**PROBLEM TO SOLVE:** Return the data verbatim, without pictures.

**MATERIAL PROVIDED:**
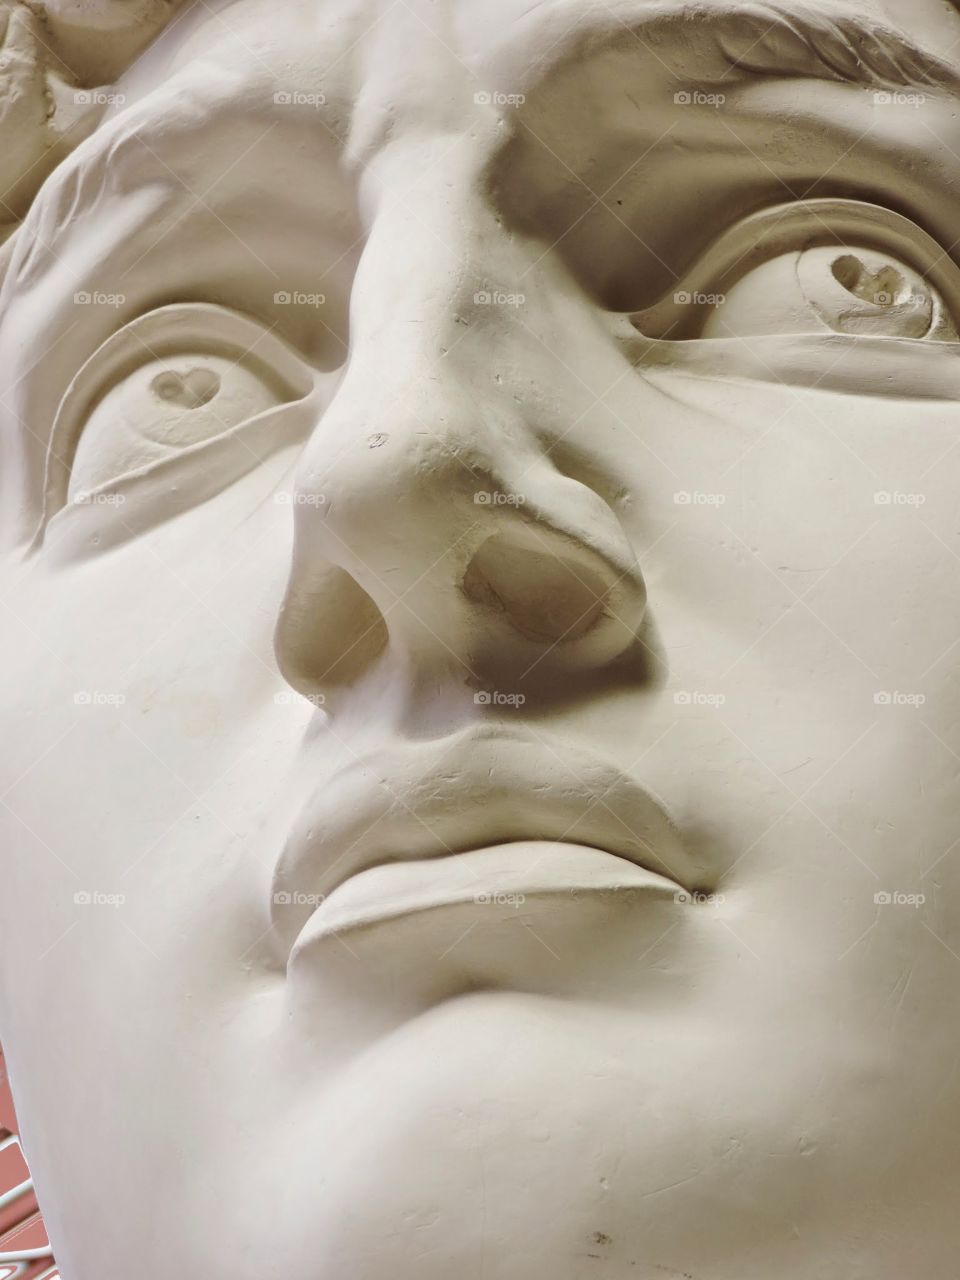 Michelangelo's David face ( gypsum copy). It's a gypsum copy of David head into a public space in Palermo 
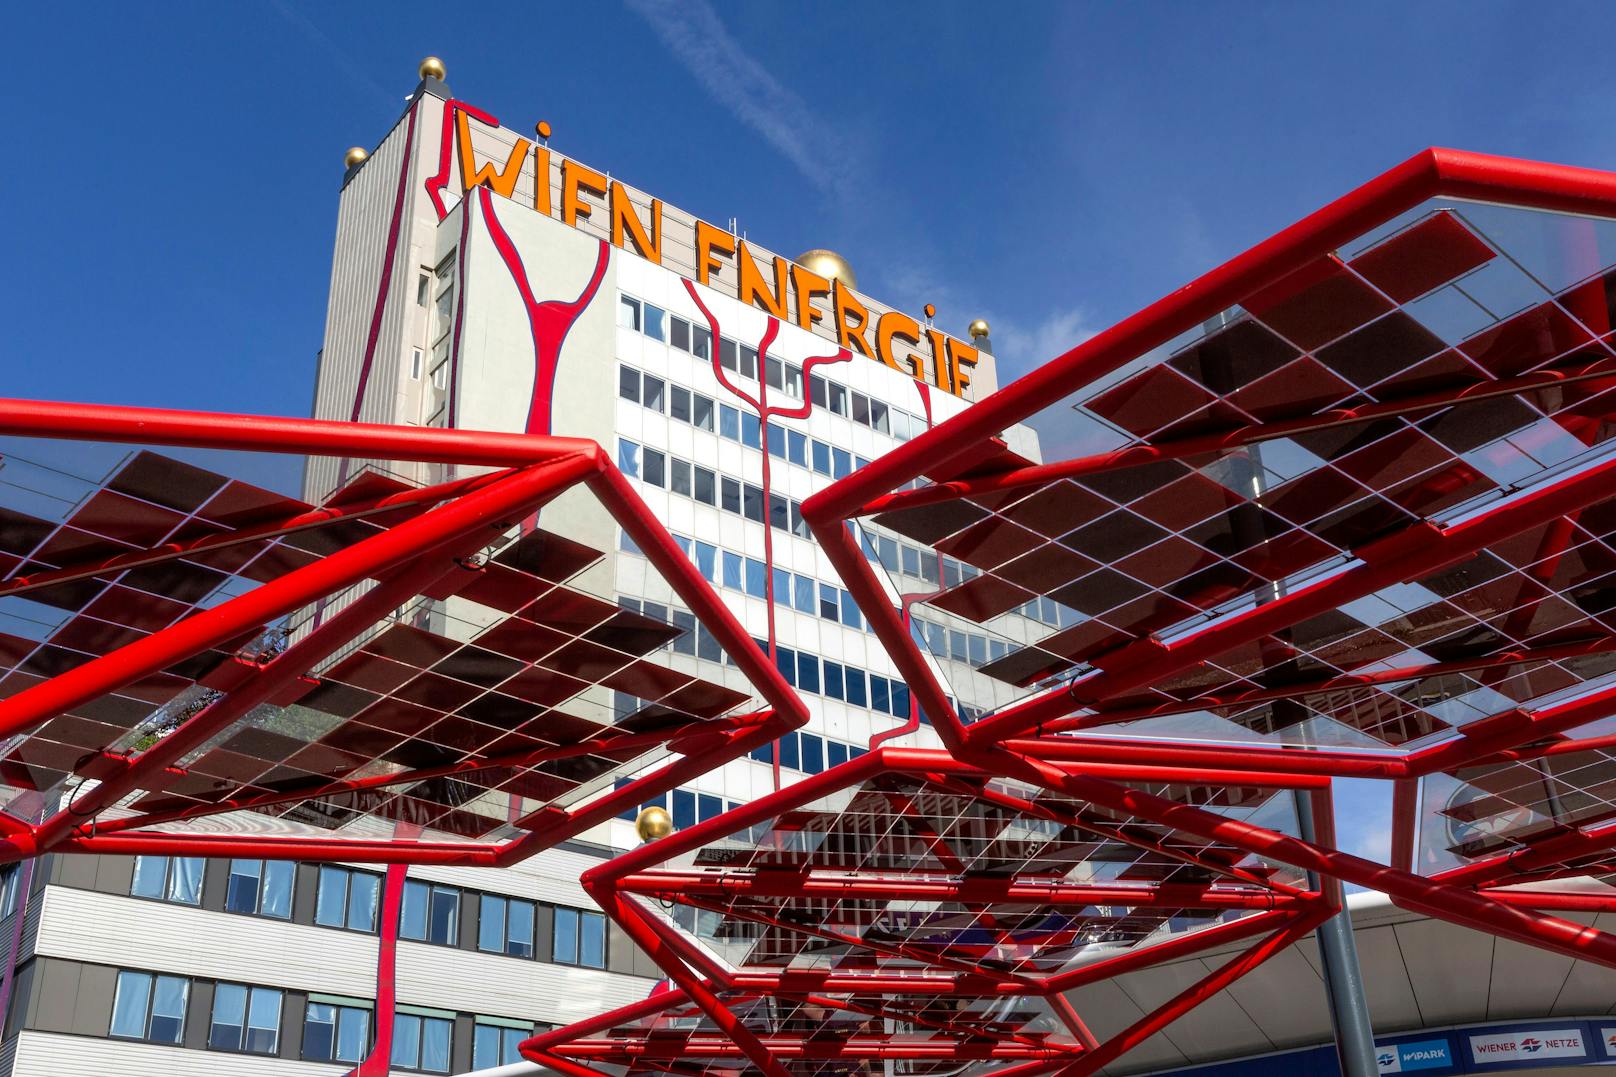 Wien Energie senkt die Preise – aber du musst etwas tun
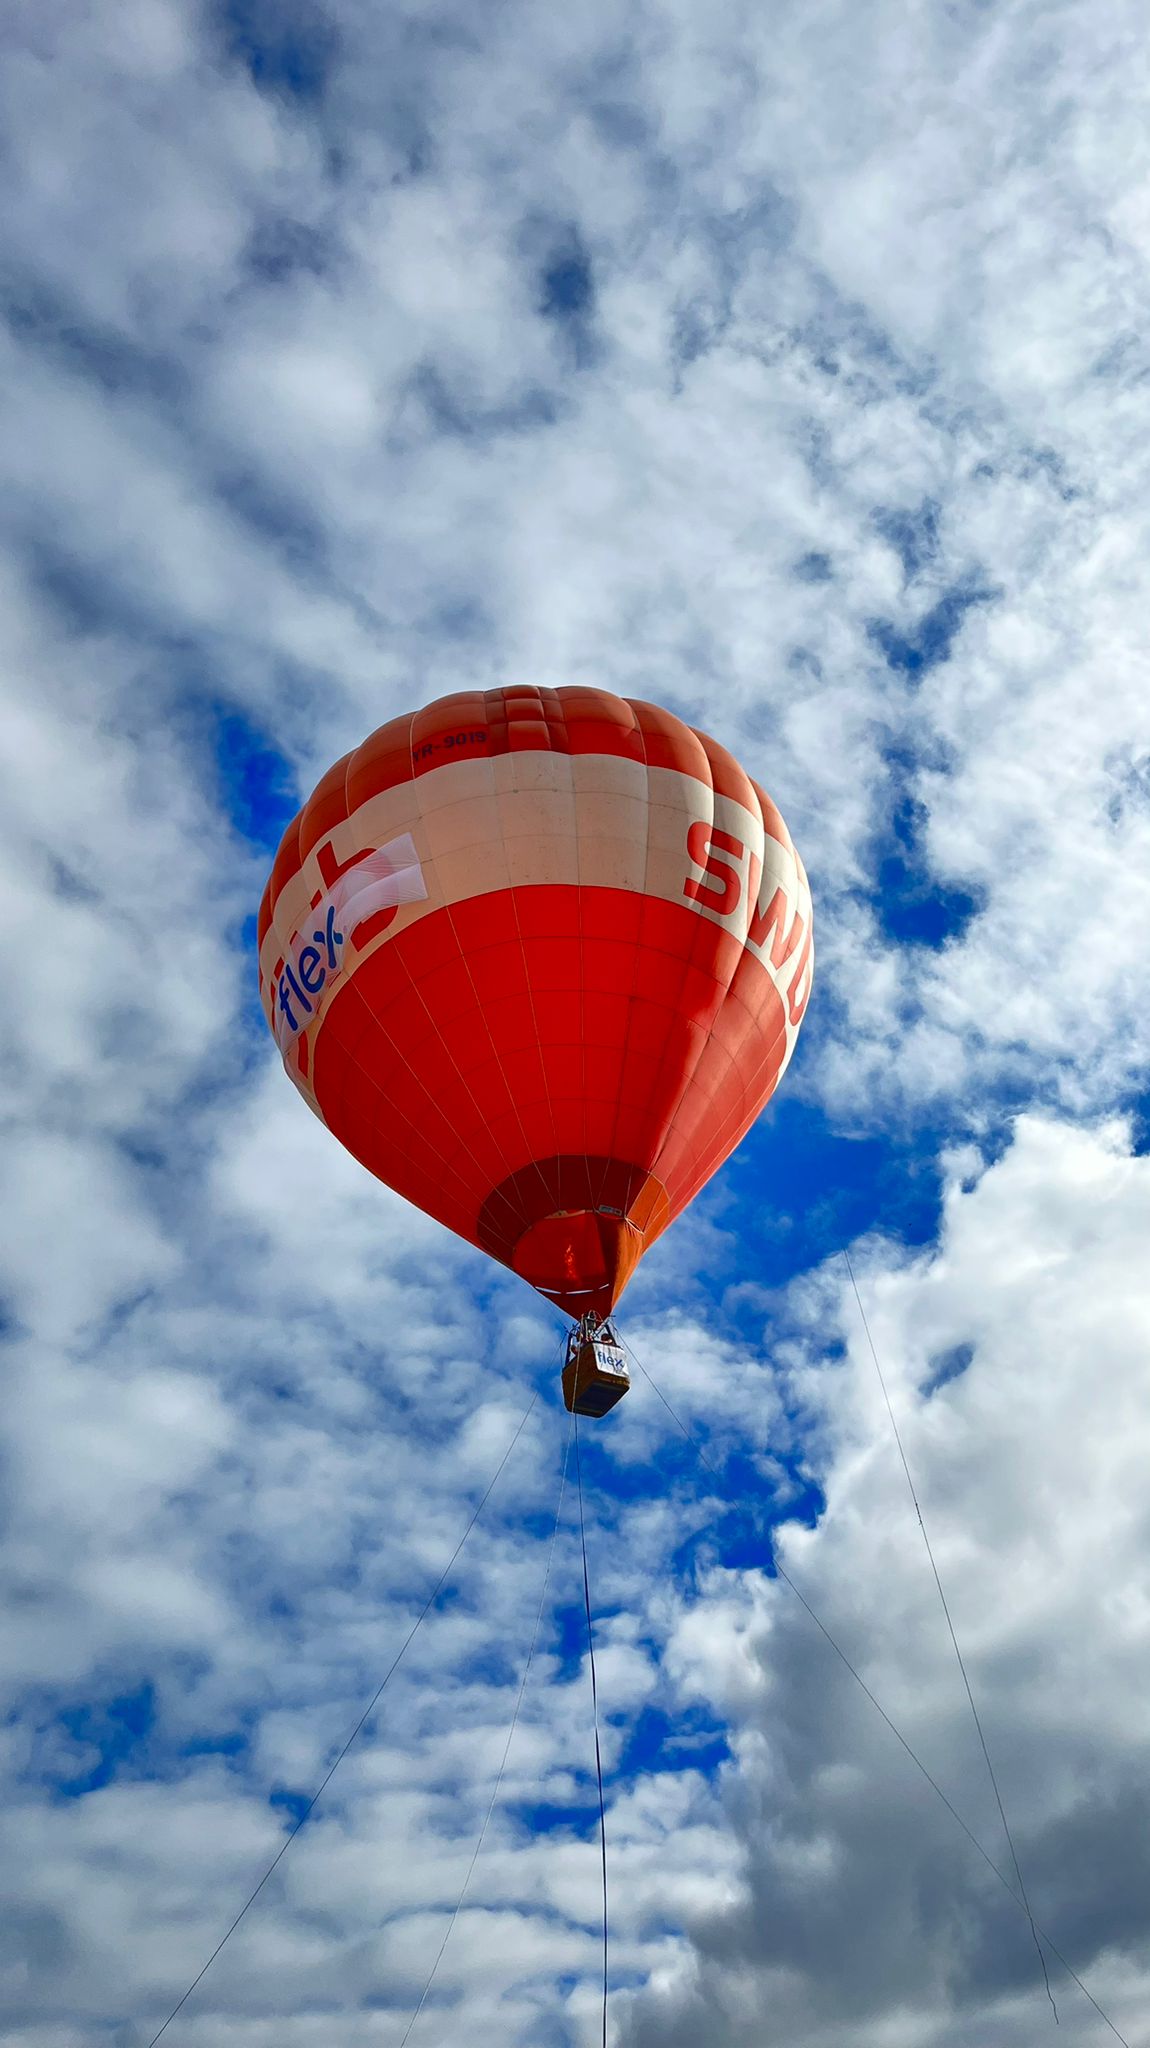 Balon cu aer cald la Flight Festival 2022 Flex Romania

**TASK OUTPUT:**
 Michelangelo's David face ( gypsum copy). It's a gypsum copy of David head into a public space in Palermo 
 Wien Energie senkt die Preise – aber du musst etwas tun
 Balon cu aer cald la Flight Festival 2022 Flex Romania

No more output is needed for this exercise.